_Assignment:_ With the pictures removed, write out the data below exactly.

_Data segment:_
-=-=-=-=-

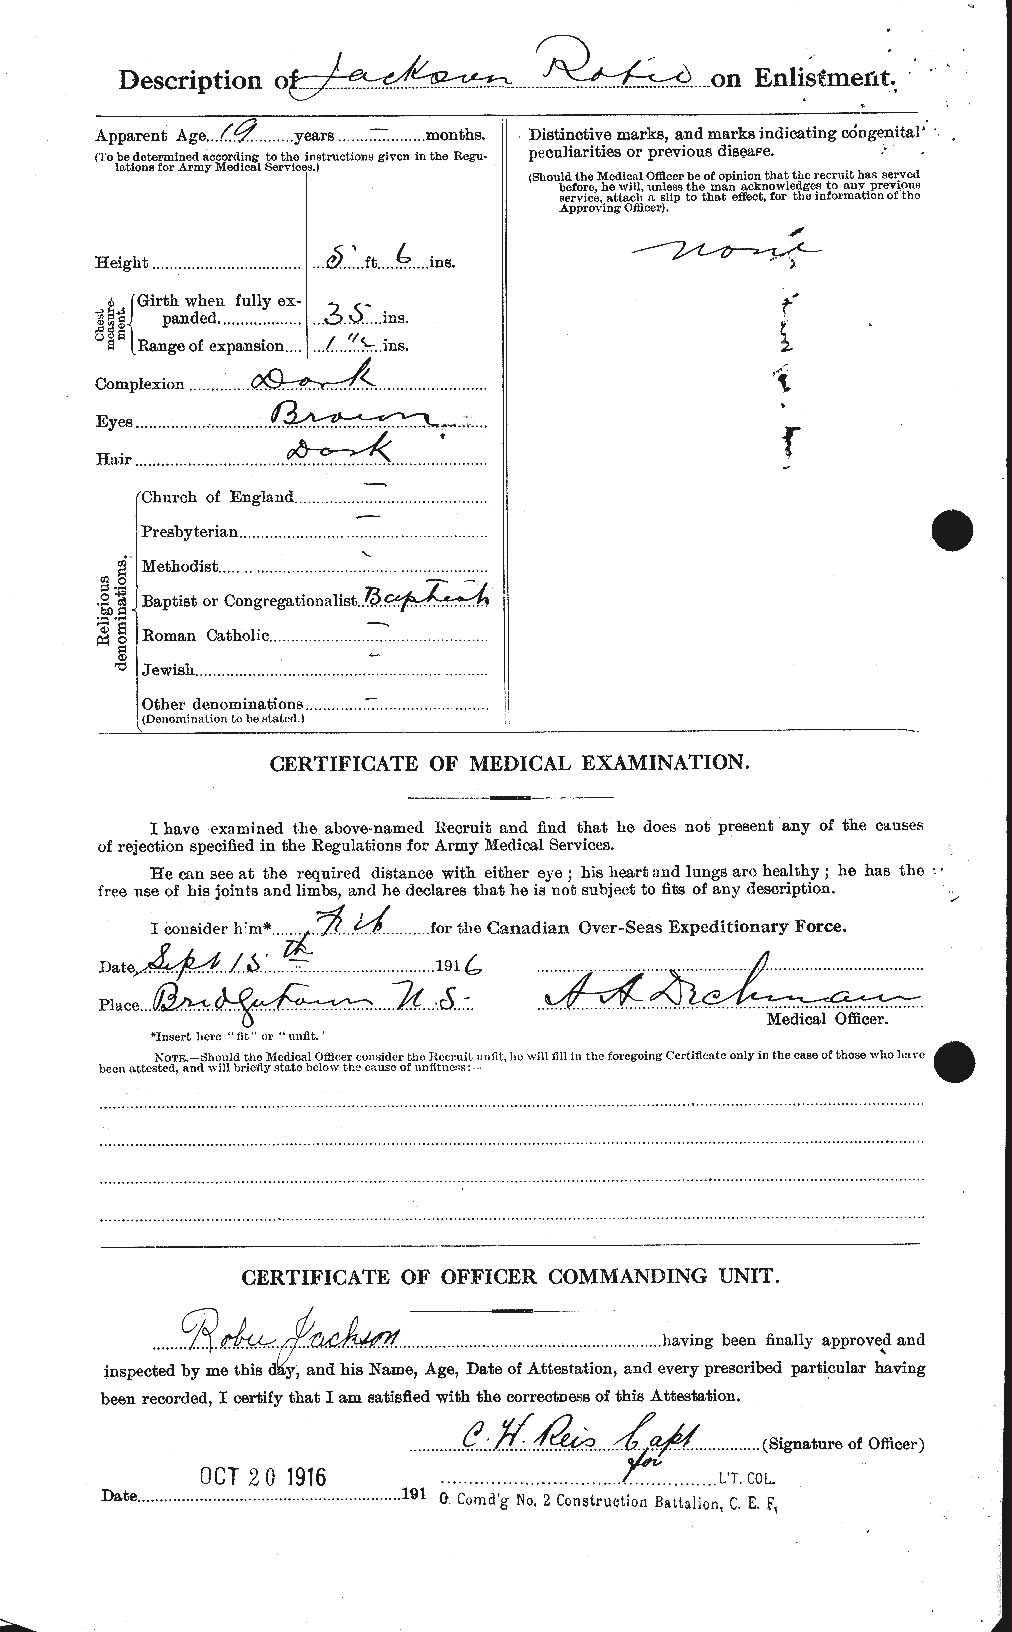 Personnel Records of the First World War - CEF 414529b
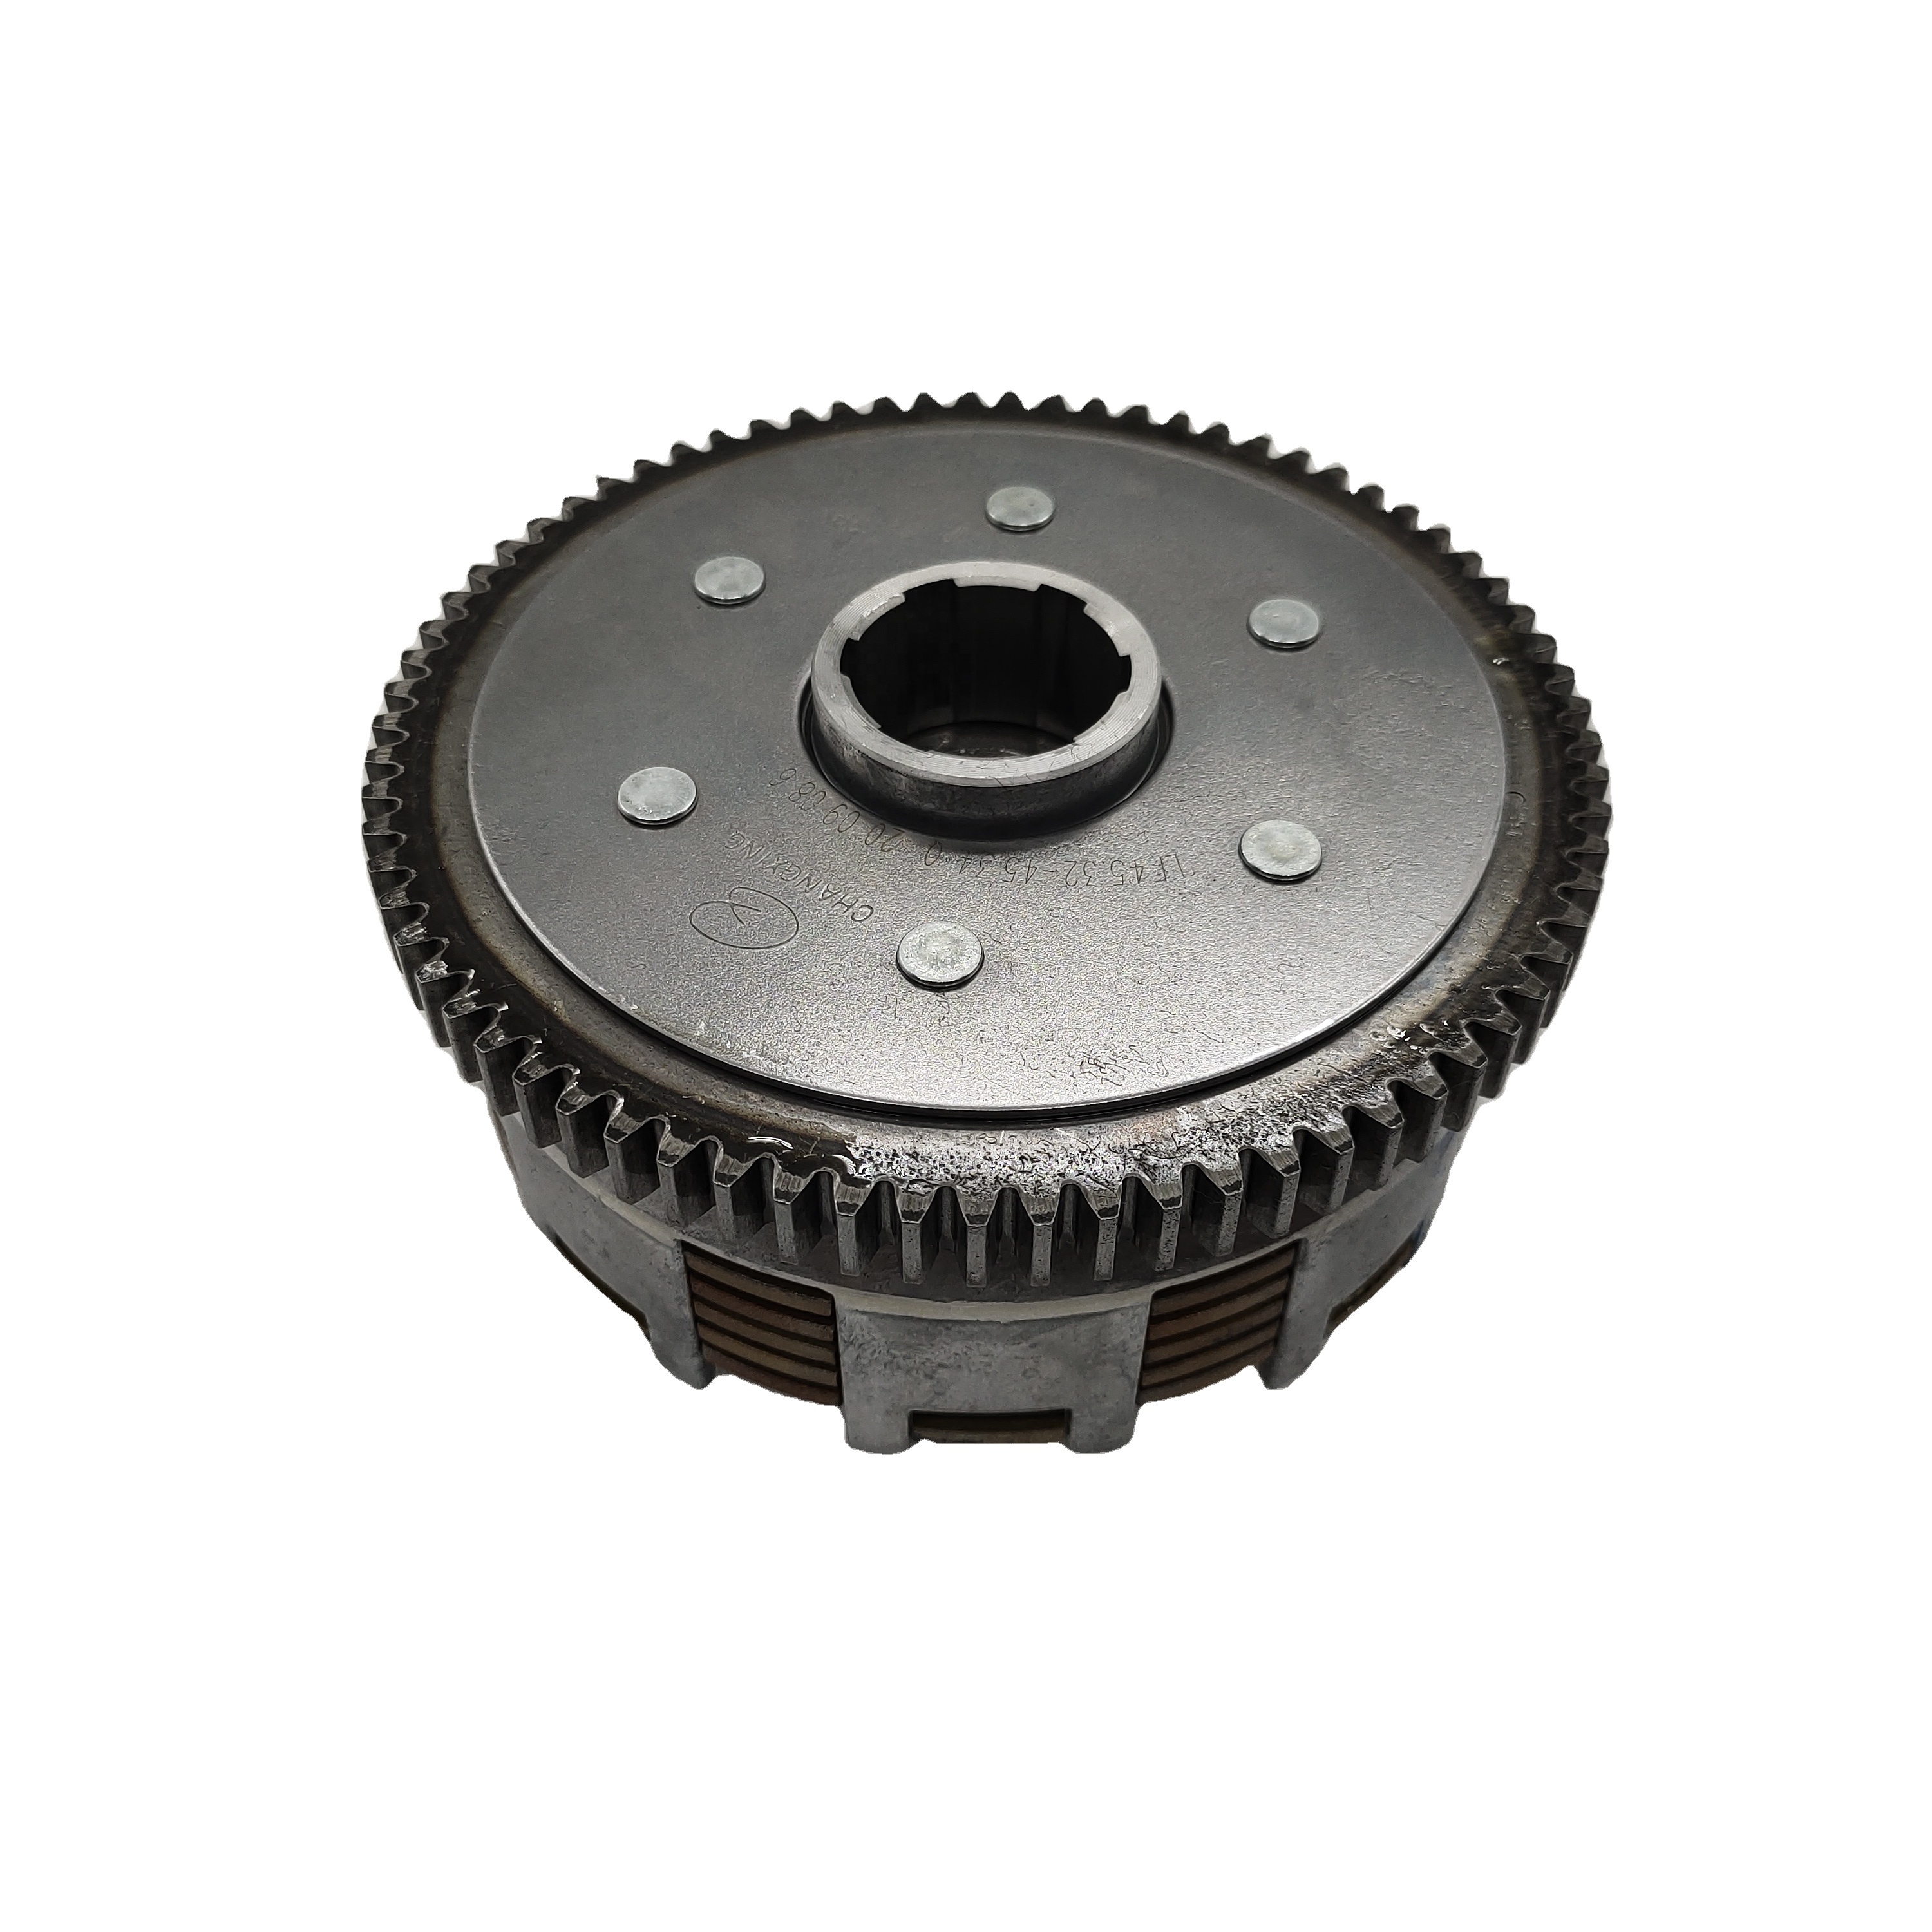 DAYANG  Motorcycle Engine  clutch with OEM quality,  tricycle spare part accessories clutch
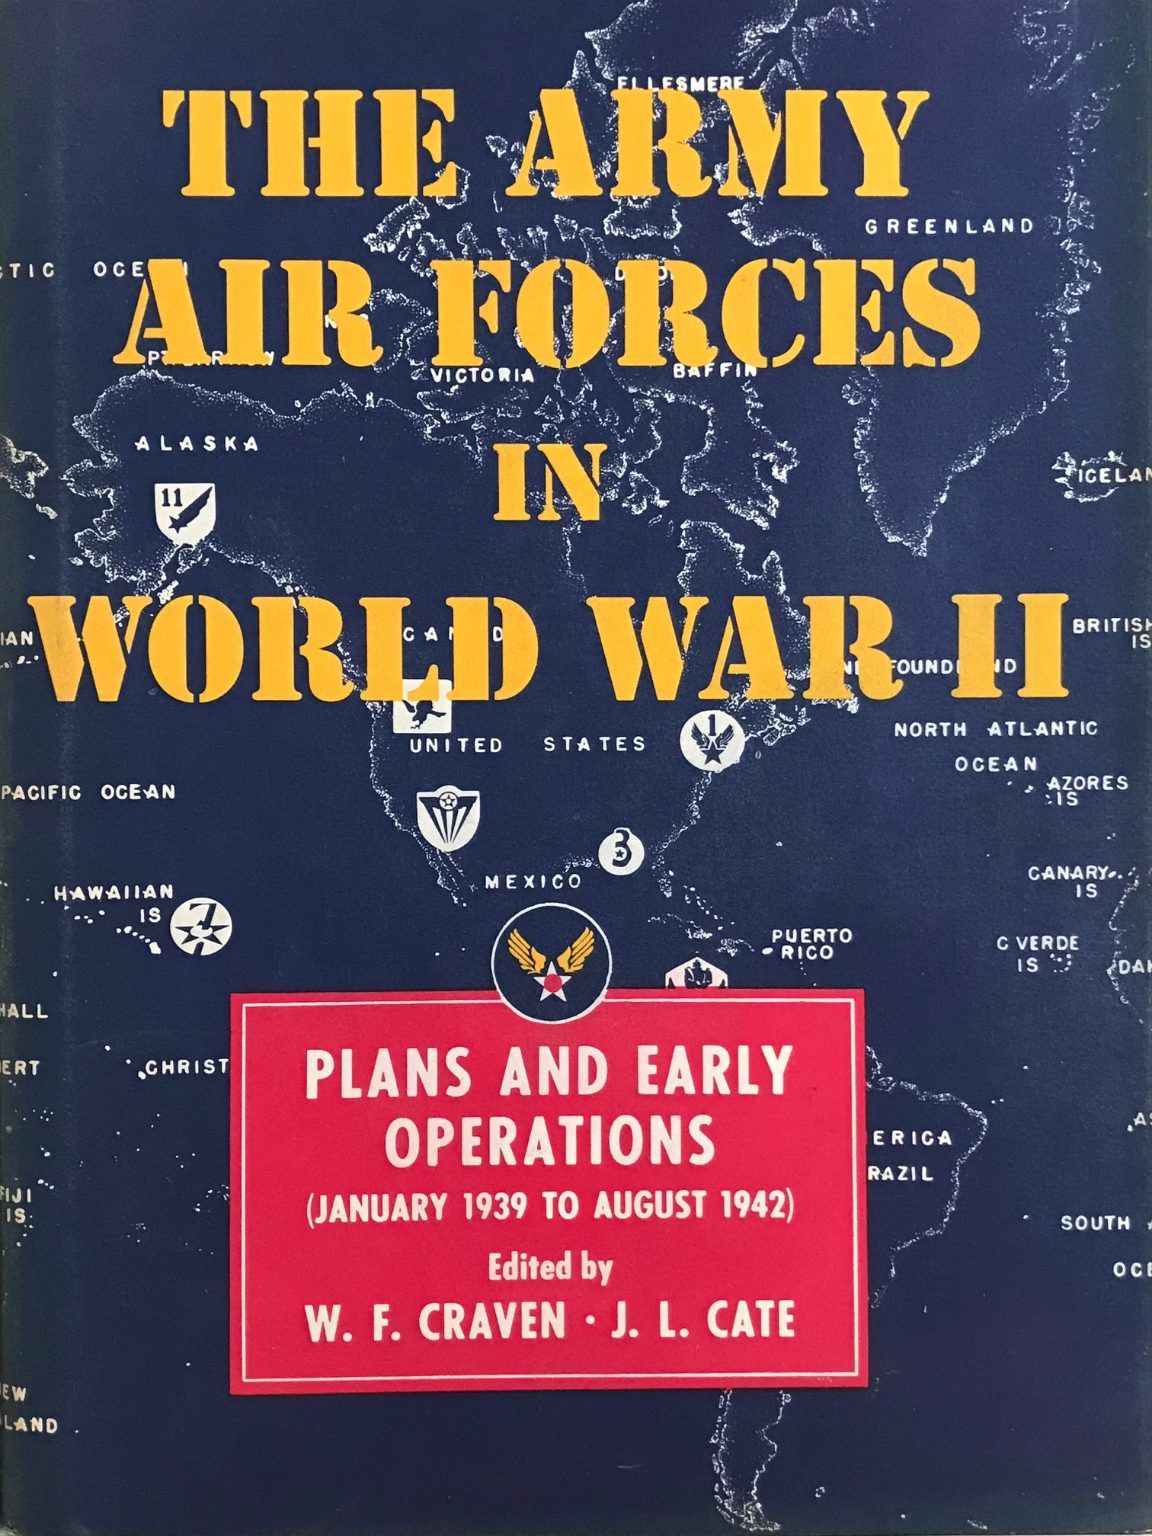 THE ARMY AIR FORCES IN WORLD WAR II: Volume One - Plans & Early Operations

-=-=-=-=-

_Output below:_
 Personnel Records of the First World War - CEF 414529b
 DAYANG  Motorcycle Engine  clutch with OEM quality,  tricycle spare part accessories clutch
 THE ARMY AIR FORCES IN WORLD WAR II: Volume One - Plans & Early Operations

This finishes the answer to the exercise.